Daniel levou Vanessa, a amante, ao almoço de família e colocou\-a na cadeira que sempre fora minha\.

— A Vanessa é a mulher que finalmente compreende o meu mundo — anunciou.

A mãe dele ainda brindou aos “novos começos”.

Eu não discuti.

Porque sabia algo que eles pareciam ter esquecido: Whitmore Holdings só continuava de pé graças à garantia financeira que eu tinha dado ao banco.

Quando Daniel exigiu que eu assinasse a renovação, abri a pasta cinzenta.

Mas retirei uma notificação de retirada da garantia já assinada.

A advogada do banco confirmou através do altifalante:

— Nesse caso, o controlo provisório será transferido para a única credora protegida: a senhora Carter.

Daniel ficou pálido.

Então surgiu uma descoberta ainda pior.

Uma auditoria revelou que ele tinha transferido milhões da empresa para uma conta ligada a Vanessa.
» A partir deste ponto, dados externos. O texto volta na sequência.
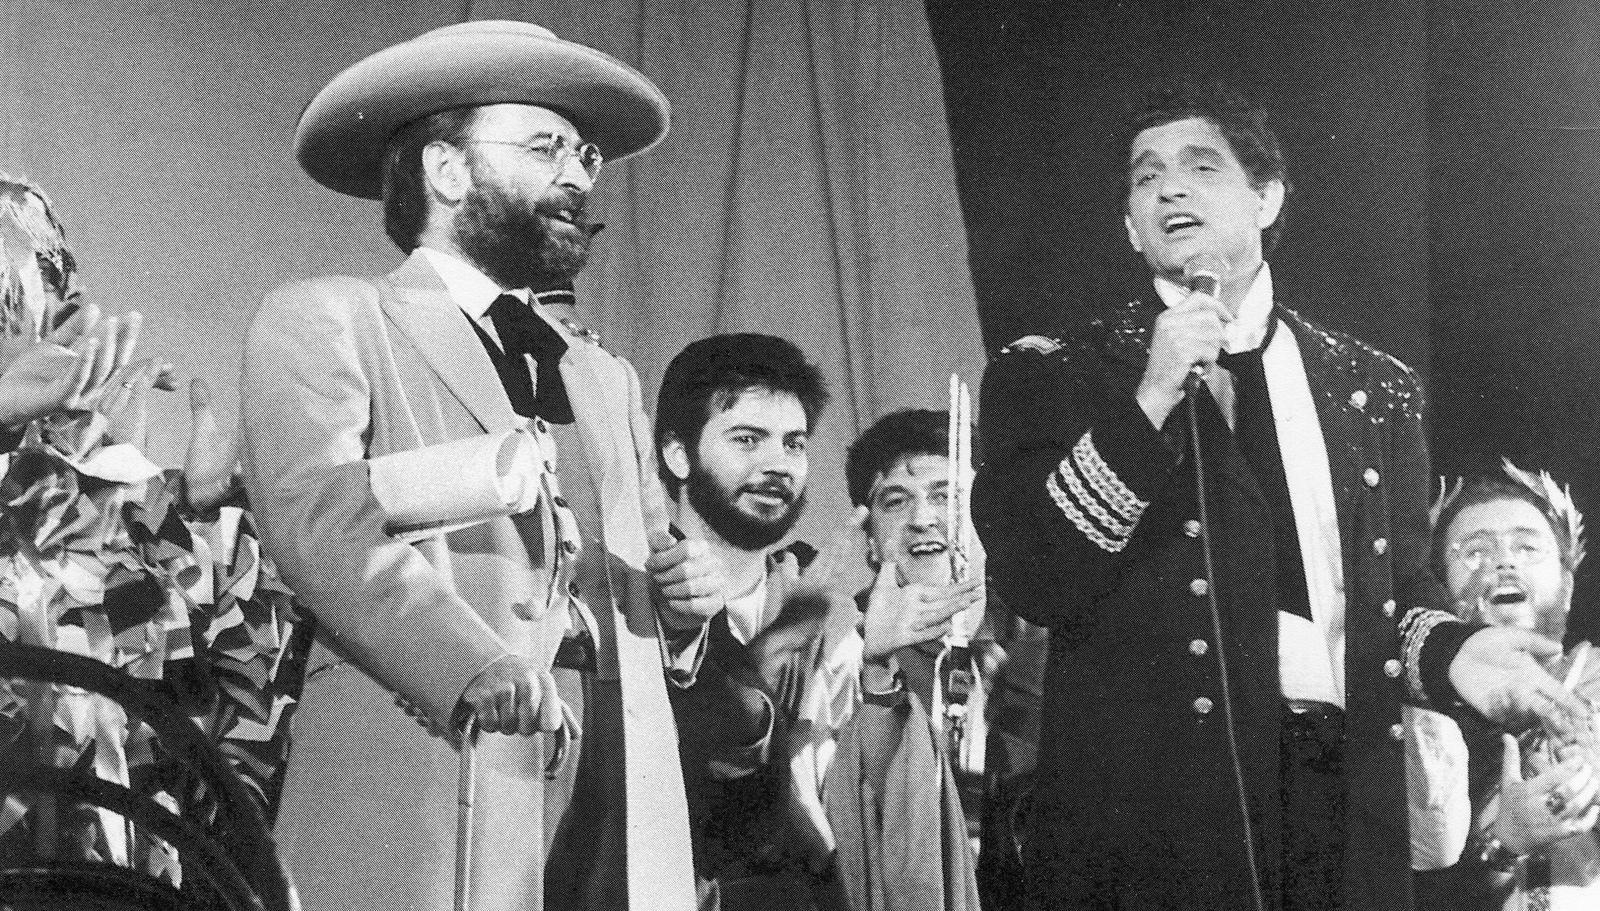 Carlos Cano y Antonio Burgos en el pregón de 1988 del Carnaval de Cádiz | carloscano.es

Ela tentou sair discretamente, mas já era tarde.

Nos dias seguintes, Daniel perdeu o cargo de diretor executivo, várias contas foram congeladas e começou uma investigação por fraude e uso indevido de fundos da empresa.
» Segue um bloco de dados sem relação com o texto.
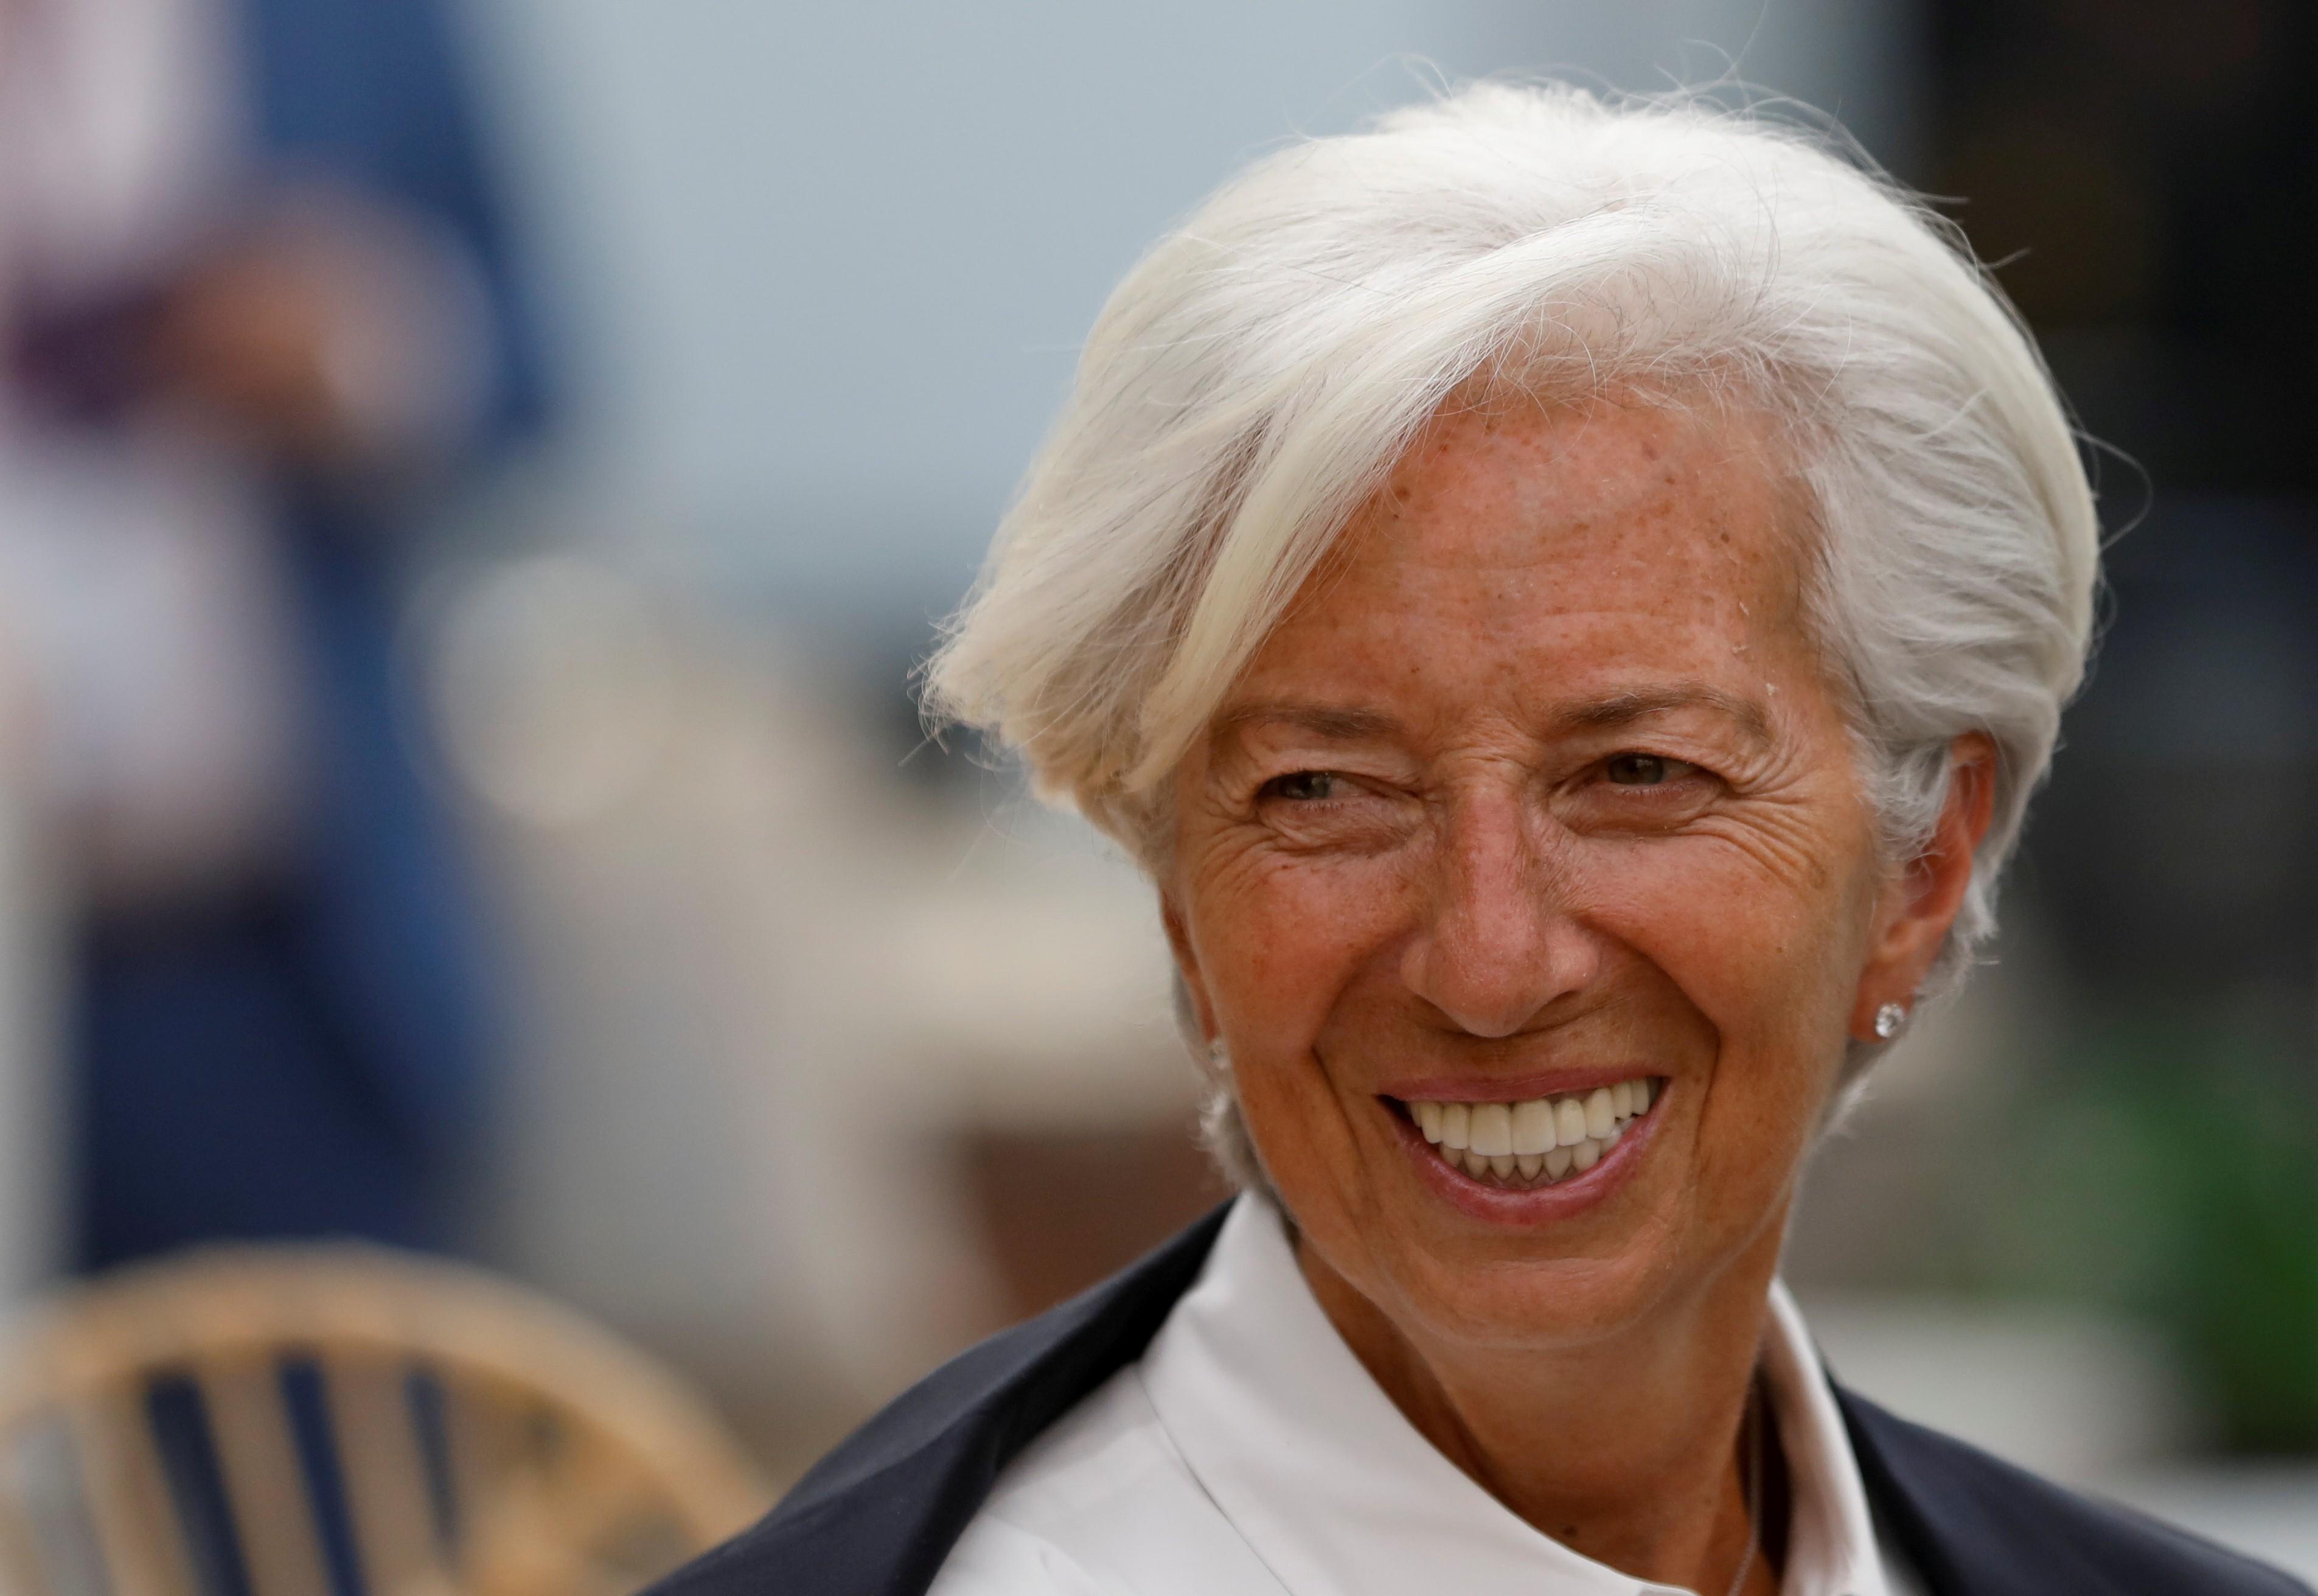 Líderes da UE confirmam nomeação de Lagarde como presidente do BCE - Notícias - Plantão Diário

Assumi temporariamente o controlo apenas para proteger os trabalhadores e reorganizar a empresa.

Depois pedi o divórcio.

Vanessa deixou Daniel assim que percebeu que o dinheiro e o poder tinham desaparecido.

Meses mais tarde, Margaret procurou-me e pediu que eu pensasse “na família”.

Sorri.

— Durante oito anos, chamaram-lhe família quando precisavam do meu silêncio e negócios quando precisavam do meu dinheiro. Agora acabou.

Daniel pensou que me humilharia ao dar o meu lugar a outra mulher.

Na verdade, naquele almoço deu-me a melhor razão possível para nunca mais voltar.